4. Peanuts in the shell (2, but very tight squeeze)

5. Binder clips (2, the small size)

6. Splenda (2 packets)

Given these kinds of options, my kids would be happy if all 25 pockets had Andes mints or Starburst in them, no question. But I can’t live with that. I just can’t. For starters, I’m not sure Tate knows how to eat a Starburst yet. I sat down to dinner and found an oleaginous pink square with bite marks, stuck to my placemat. And what would 25 days of sugar teach them, anyway? That Jesus wants them to have candy? That their mom lacks creativity, and sufficient motivation?

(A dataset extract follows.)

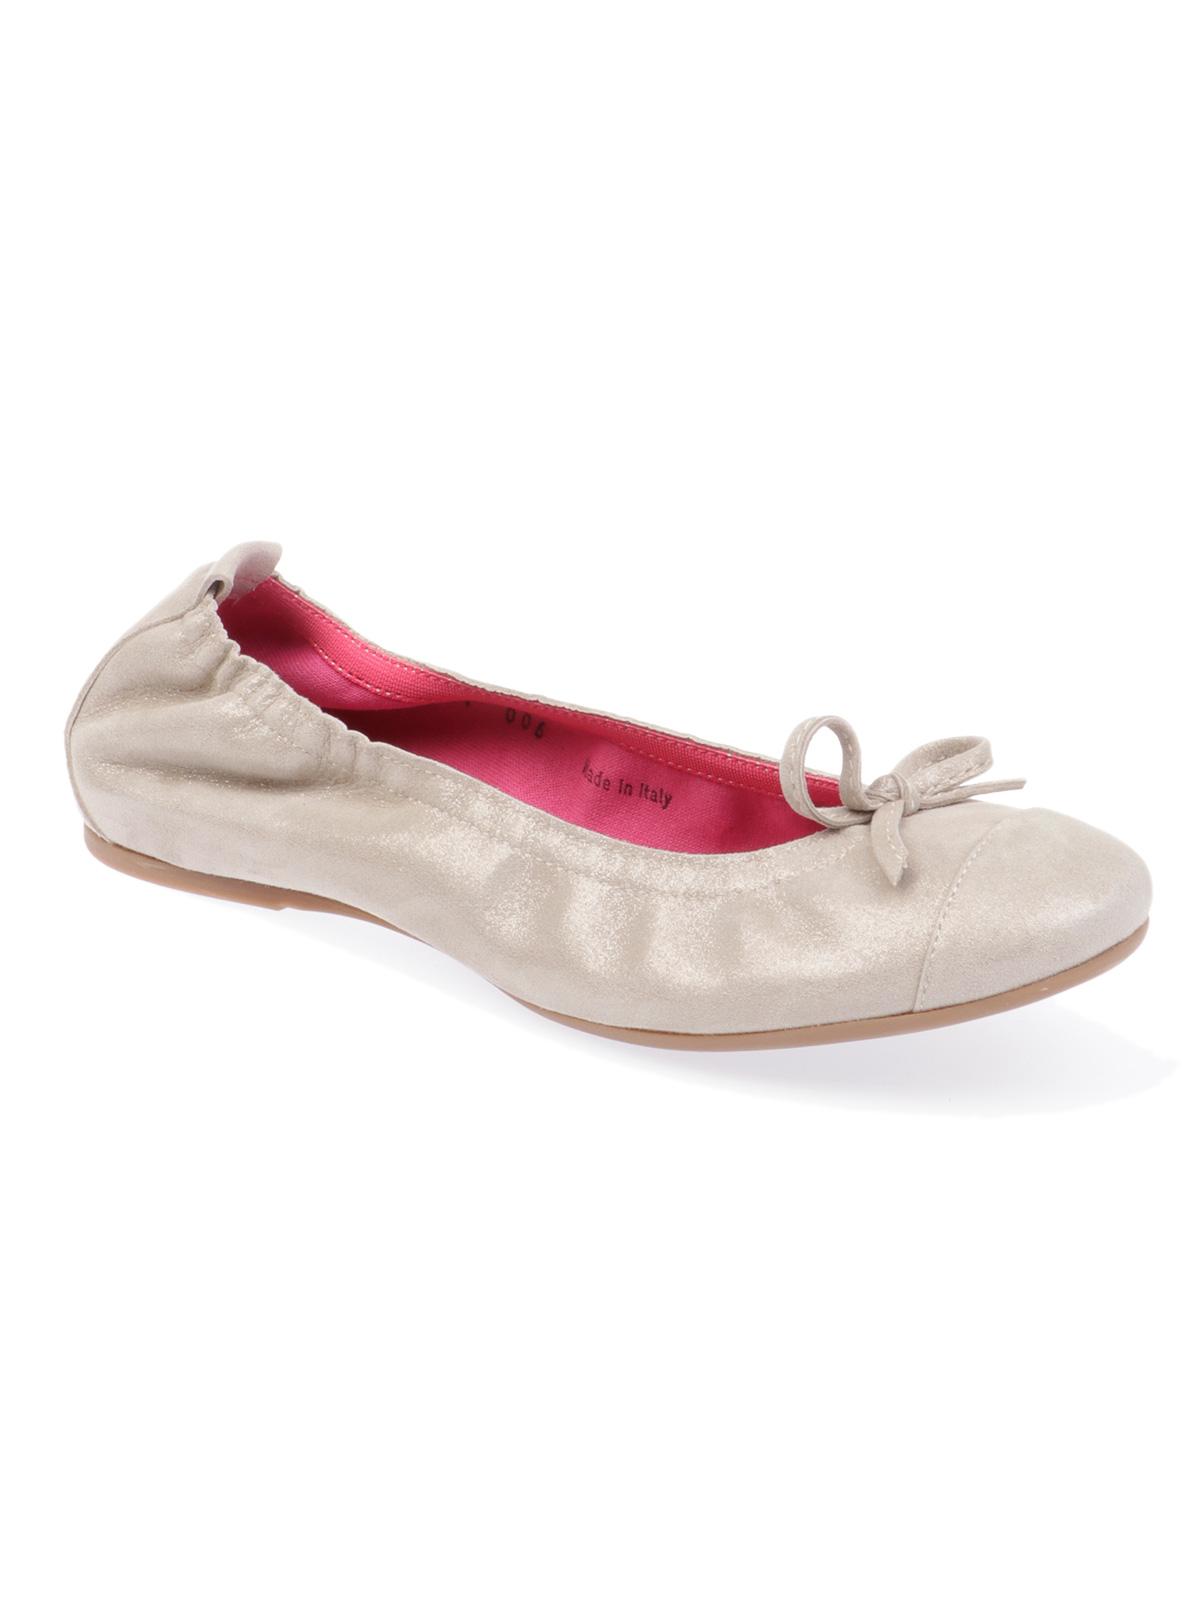 aspetto dettagliato 6a8b4 8661d LE BABE   Women's Ballerina MO1816   MO1816 LUCE   Botta & B ...

So I’m forced to spend my downtime thinking of things to stick in those pockets. I went shopping today with my friend Alena and all I could think about is that advent calendar with all its empty pockets. So annoying. And that’s why I’m so pleased with tomorrow’s selection, which are free sample atomizers from the Nordstrom perfume counter, two of which slide into the pocket for December 4th as if they were made for it. I think Finn is really going to dig the Tom Ford White Patchouli, because he’s really my glam boho at heart. And definitely the Balenciaga for Tate. “A fragrance that is mysterious and fragile, yet leaves a lasting trail.” Tate is all about a lasting trail of odors. He’s going to love it.

Sigh. Just 21 days to go. Please help.